Best for: Merchants who want catalog-aware content instead of generic blog copy.
In app: Create Post
How should I interpret the Length parameter?
Length is a soft target that influences scope and depth, not a guaranteed exact word count.
Length helps the model estimate how much detail to include. Short is best for quick answers or simple product intros. Medium suits most educational and conversion-friendly posts. Long is better when the topic needs fuller explanation, side-by-side comparison, or structured sections.
It should not override logic. If the facts are thin, forcing a long article can make the output repetitive. If the topic is complex, a product article may exceed a shorter target to preserve clarity.
Practical guidance
- Choose short for concise posts and quick reads.
- Choose medium as the default for balanced depth.
- Choose long only when the topic and source material can support richer coverage.

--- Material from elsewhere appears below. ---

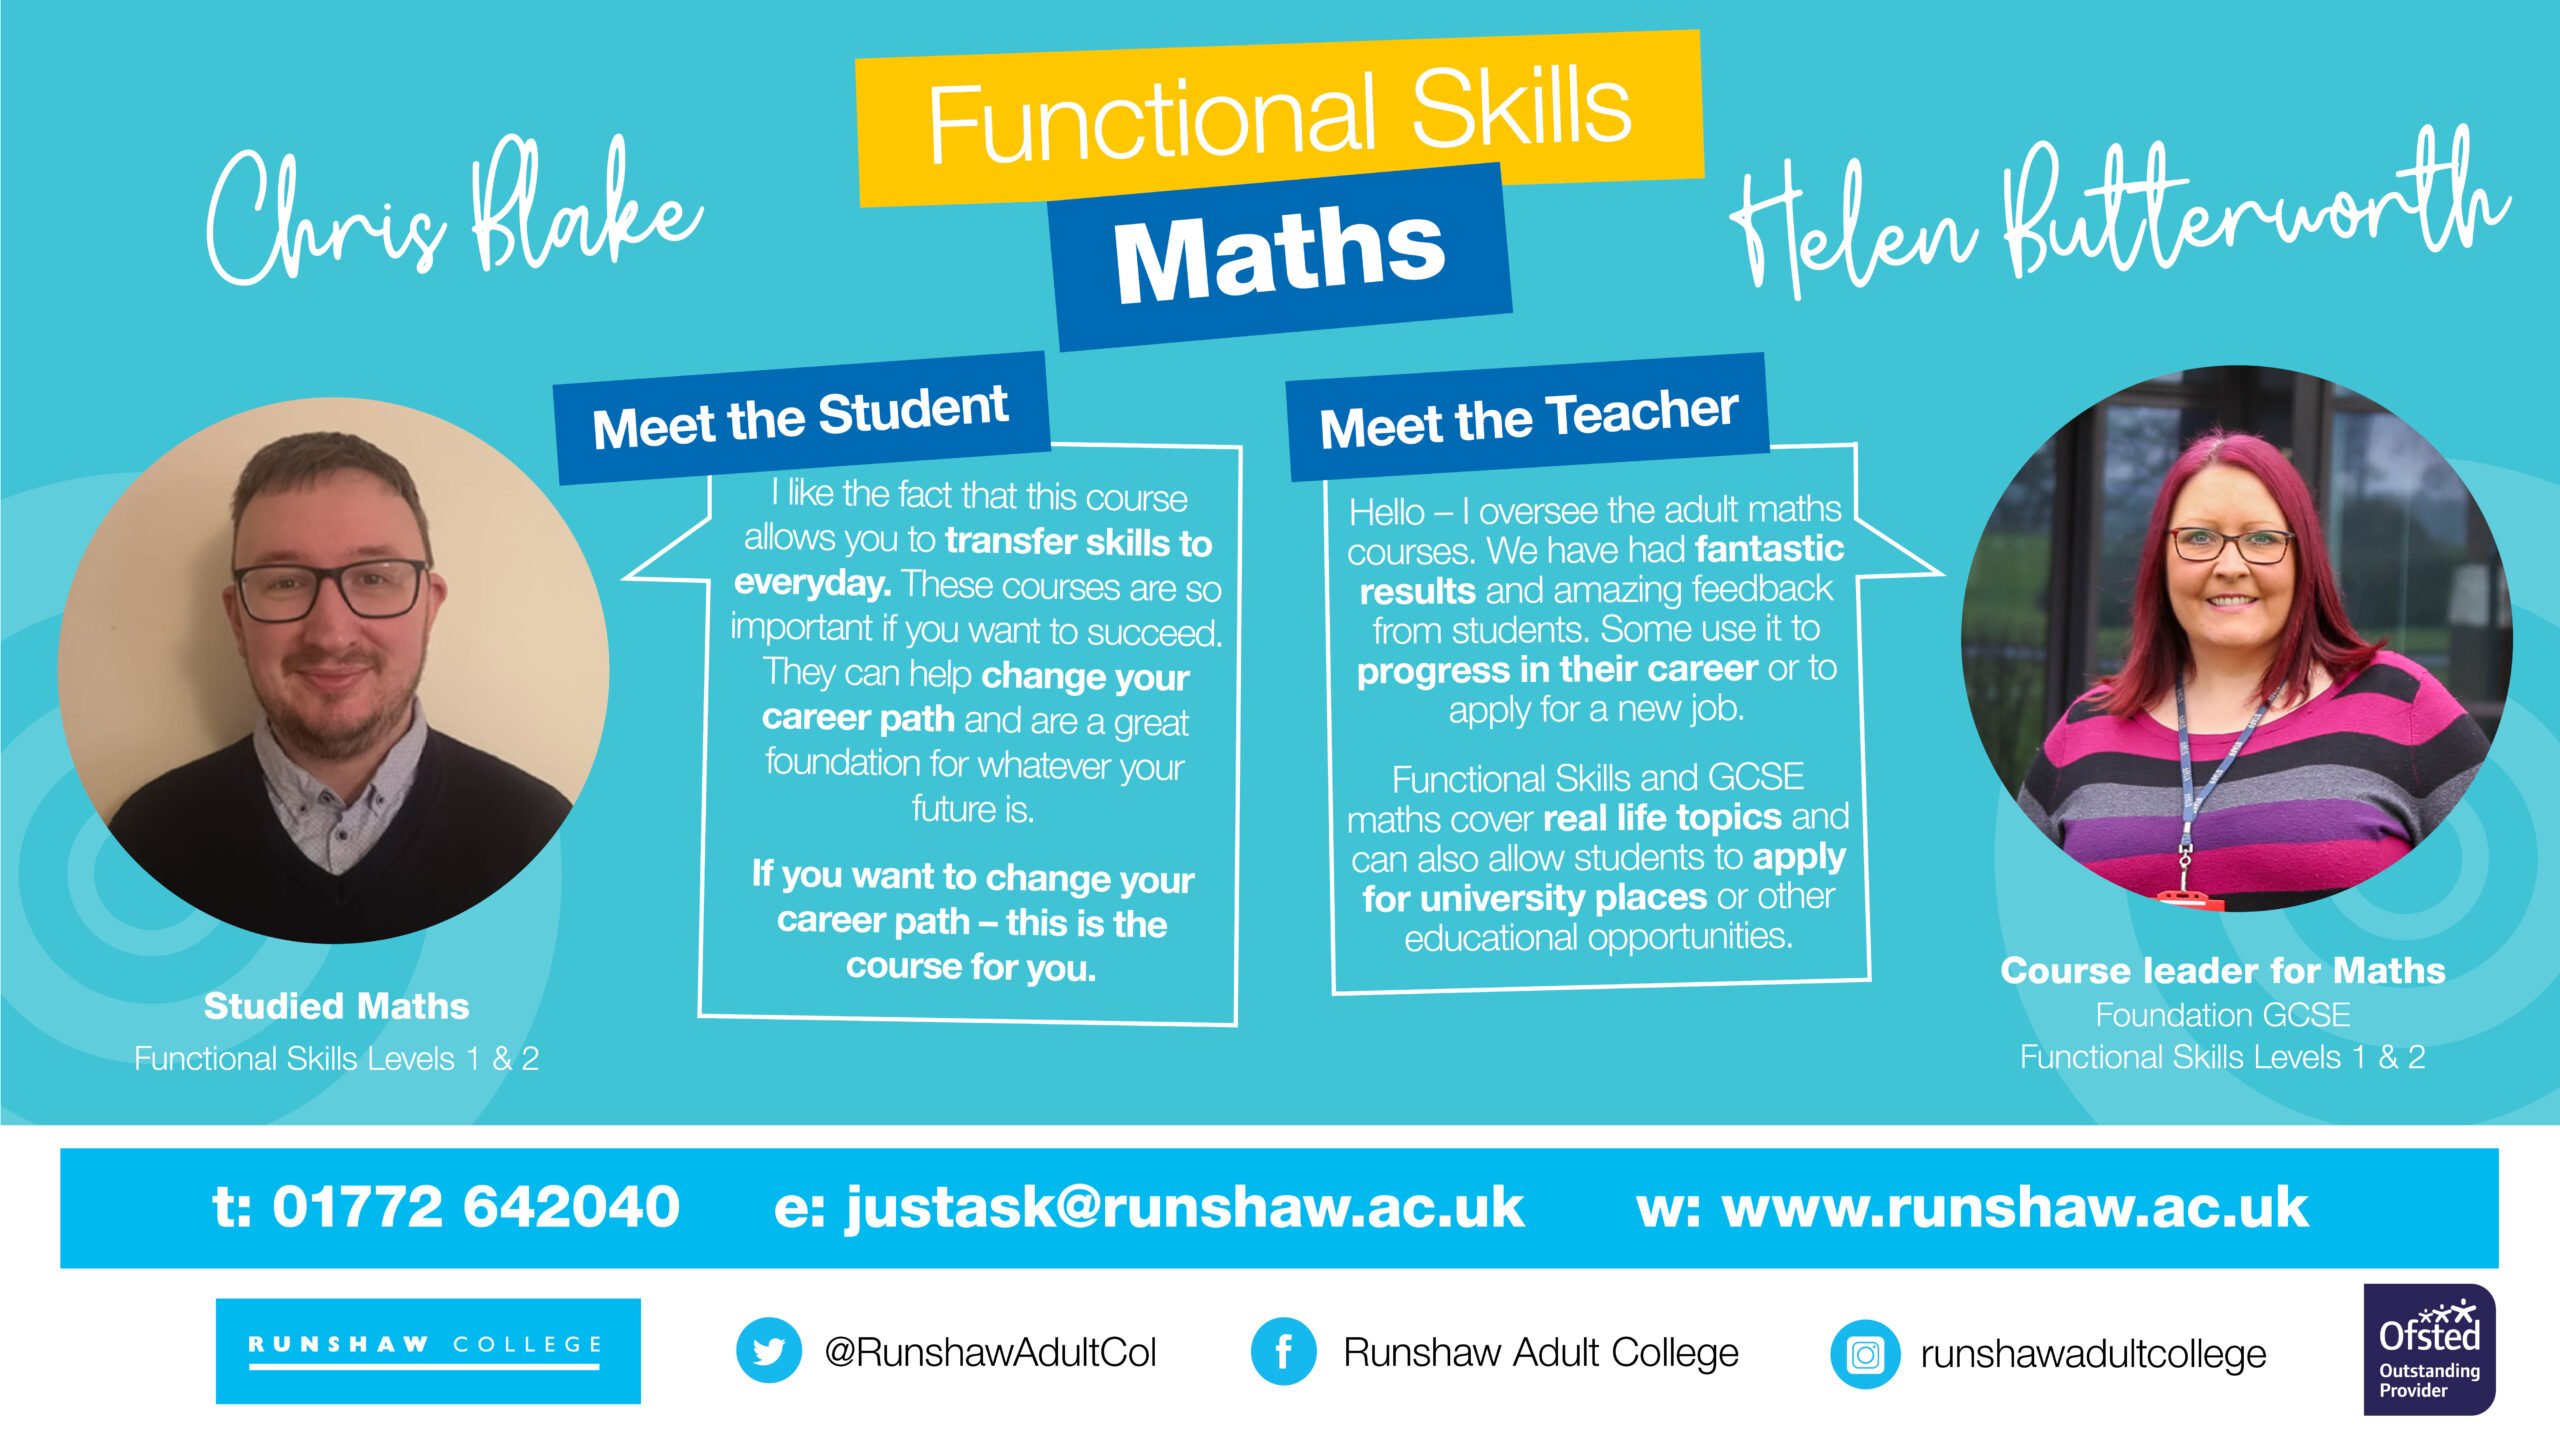 Graphic showing photos of Maths Functional Skills student Chris Blake and Course Leader Helen Butterworth. Chris’ speech bubble reads “I like the fact that this course allows you to transfer skills to everyday. These courses are so important if you want to succeed. They can help change your career path and are a great foundation for whatever your future is. If you want to change your career path – this is the course for you.” Helen’s speech bubble reads “Hello – I oversee the adult maths courses. We have had fantastic results and amazing feedback from students. Some use it to progress in their career or to apply for a new job. Functional Skills and GCSE maths cover real life topics and can also allow students to apply for university places or other educational opportunities.”

Best for: Teams deciding how deep or concise the final draft should feel.
In app: Create Post
How are Merchant notes different from the other fields?
Merchant notes are flexible instructions for brand, compliance, emphasis, and editorial guardrails.

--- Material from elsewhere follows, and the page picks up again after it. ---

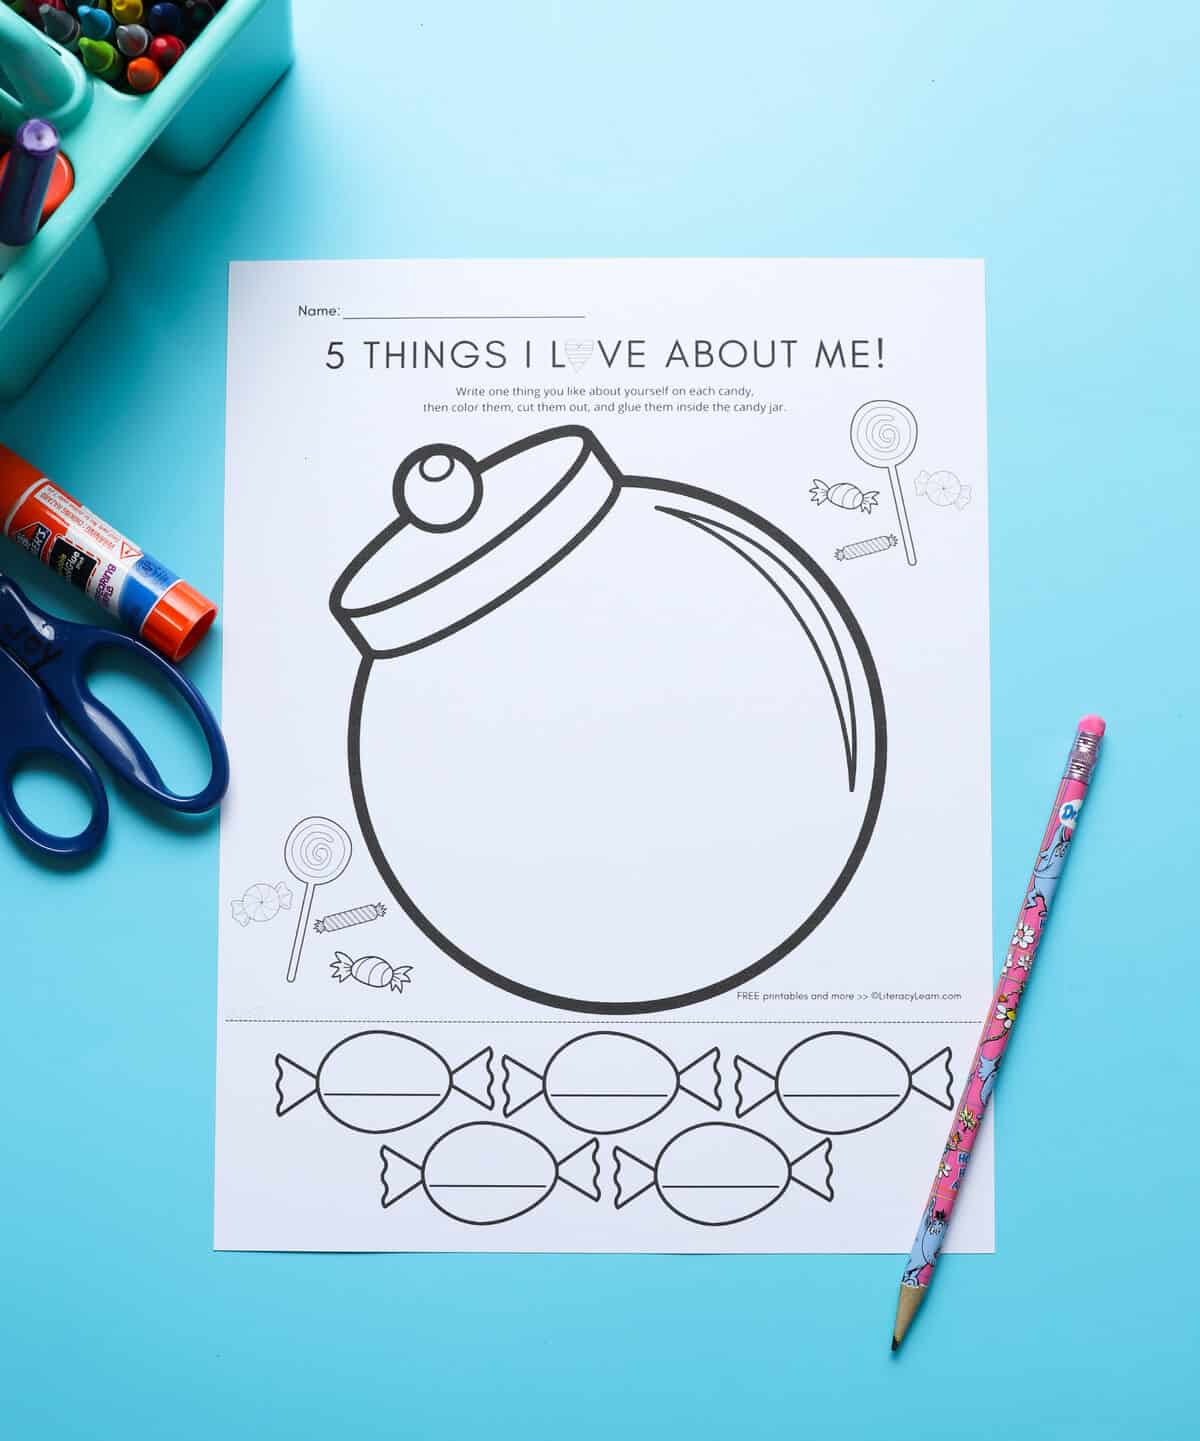 The printed I love me candy jar worksheet with crayons and a scissor.

Merchant notes are where you put constraints or preferences that do not belong cleanly in the other structured fields. They are ideal for messaging priorities, phrases to avoid, legal caution, or angle preferences.

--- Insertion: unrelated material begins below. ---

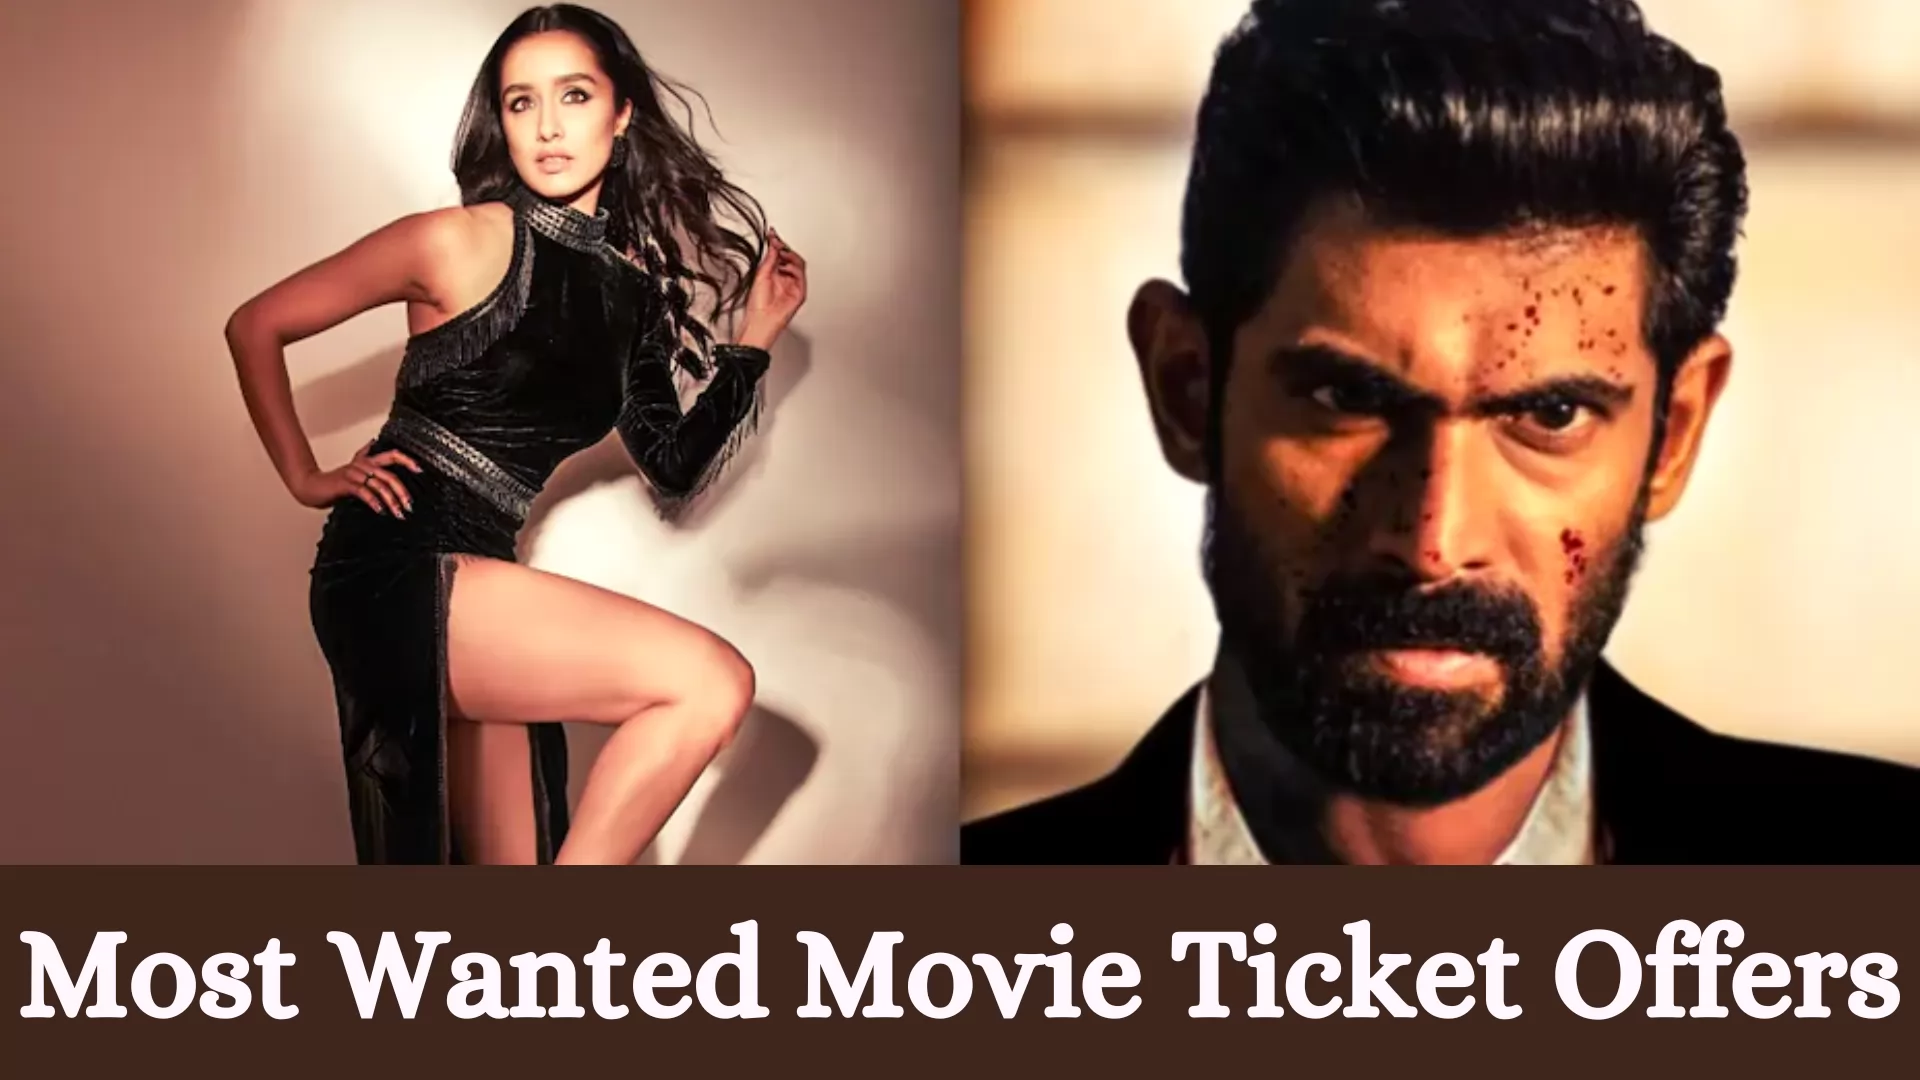 Most Wanted Movie Ticket Offers

Think of them as operator guidance for the AI. If a rule is critical and factual, Required facts may be a better home. If it is about style, framing, or emphasis, Merchant notes is usually correct.
How to write merchant notes
- Use short, direct instructions.
- Include dos and don'ts that meaningfully affect the draft.
- Do not repeat information that already lives clearly in structured fields unless emphasis is needed.
Best for: Merchants adding editorial judgment and brand guardrails.
In app: Settings
What should go into Proof points or USP / selling points?
Proof points are the strongest reasons the product, collection, or article angle deserves attention.
This field is for differentiators and persuasive evidence the article should lean on. Examples include material quality, durability, warranty, shipping speed, sustainability angle, or a comparison criterion that matters to buyers.
Proof points are not necessarily mandatory facts, but they should be strong enough to shape the article's emphasis and give it substance.
How to write proof points
- List one proof point per line.
- Prioritize concrete strengths over vague marketing slogans.
- Use points that are believable, useful, and relevant to the audience.
Best for: Teams that want stronger persuasive structure in the draft.
In app: Create Post
When should I use Required facts?
Required facts are non-negotiable details that must appear in the draft for accuracy or business reasons.
This field is for facts the article must not omit. That may include material specs, awards, policies, dimensions, manufacturing details, or compliance-safe factual statements.
Use Required facts when omission would make the article incomplete, misleading, or commercially weak. Unlike Proof points, these are not just persuasive; they are essential.
How to write required facts
- List one fact per line.
- Keep each fact explicit and verifiable.
- Use this field for must-include information, not general writing advice.
Best for: Merchants who need higher factual consistency across drafts.
In app: Create Post
How should I use Reference notes?
Reference notes capture extra context that helps the draft, but is not strong enough to be a required fact.
Reference notes are for soft context: seasonal timing, stock caveats, fulfillment notes, editorial nuance, or methodology notes for comparison content.
This parameter gives the AI more context without telling it that every note must appear explicitly in the final copy. It is useful when the article needs awareness of a situation, not verbatim insertion of data.
When to use reference notes
- Add helpful background that shapes interpretation.
- Use it for nuance, caveats, or optional context.
- Move anything truly mandatory into Required facts instead.
Best for: Teams who want more situational awareness in the draft.